From Regulation 2019/1150 on promoting fairness and transparency for business users of online intermediation services to Directive 2019/790 on copyright in the Digital Single Market, platforms have been obliged to start implementing, among other things, systems for detecting illegal content and fake reviews. In light of this, questions arise as to whether, under the Digital Services Act (DSA), online platforms will continue to be able to rely on the exemption from liability for infringing content hosted by third parties, an exemption originally introduced in Directive 2000/31/EC on electronic commerce (the E-Commerce Directive).
To date, Spanish courts have recognised on multiple occasions that service providers would not have a general monitoring obligation in relation to the content uploaded by their users.
E-Commerce Directive versus DSA: what changes in terms of liability?
Under the E-Commerce Directive, a storage service provider is not liable for hosted content as long as it does not have actual knowledge that the content infringes third-party rights. Although this liability regime will not be scrapped and replaced by a different one, the DSA will draw a clearer line of demarcation between the liability of online platforms for consumers and professional users to conclude contracts (for example, a marketplace).
In such cases, a marketplace will be liable under consumer law if it creates the appearance to the consumer that it is providing the service or delivering the good that is the subject of the transaction directly on its behalf or through third parties acting on its behalf.
The DSA uses the concept of "average consumer" or "reasonably informed consumer" to determine when such an appearance is being created. In the absence of the final wording of the proposed regulation, these terms have been the subject of the recent Opinion of Advocate General Szpunar in the Louboutin case (C-148/21 and C-184/21).

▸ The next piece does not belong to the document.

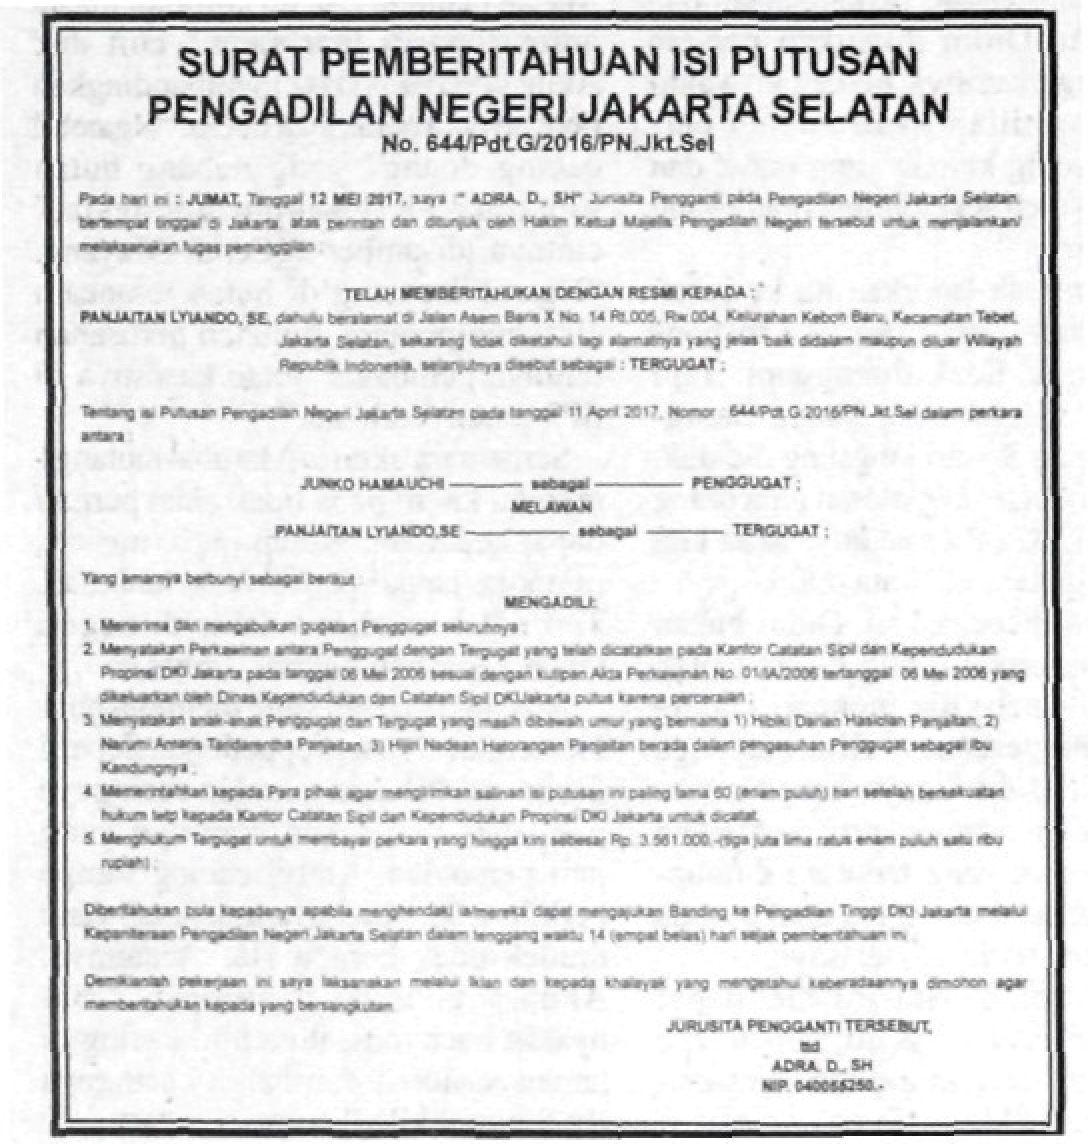 iklan pengumuman keputusan persidangan 2

The General Advocate´s conclusions suggest that the marketplace will be liable if a "reasonably well-informed and attentive" user cannot dissociate the offer of the seller from the commercial offer of the marketplace.
Thus, for example, if a marketplace inserts an expression such as "sold by..." to differentiate the products from those it sells in its own name, a reasonably informed user cannot then be said to establish a direct link between the marketplace and the service or good offered by the seller through that marketplace.
Do content indexing systems create liability for platforms?
Content platforms will usually make use of indexing systems for content uploaded by users in order to be able to manage the hosted content properly.
In determining when a platform has had or may have had actual knowledge of infringing content, indexing systems alone should not be considered sufficient to prevent the platform from invoking the exemption from liability (in light of recitals 21 to 25 of the DSA).
Will implementing systems that detect illegal content be used as evidence against platforms?
The question then arises as to whether a platform's systems for detecting illegal content can be used as proof of effective knowledge of that content by a platform. It seems that on this point, the European Commission, Parliament and Council agree that the implementation of such systems should not be used against platforms, provided that their use is proportionate and neutral.
Osborne Clarke comment
While the DSA does not introduce a completely new liability regime for online platforms, it is notable that it explicitly incorporates the rulings of the Court of Justice of the European Union (CJEU) concerning the liability of intermediaries of data storage services. However, it is foreseeable that this updated regime will be the subject of future rulings by the CJEU that will further delimit its scope.
For the time being, it will be essential for businesses to monitor the evolution of the procedure for the approval of the DSA proposal between the European Parliament and the Council.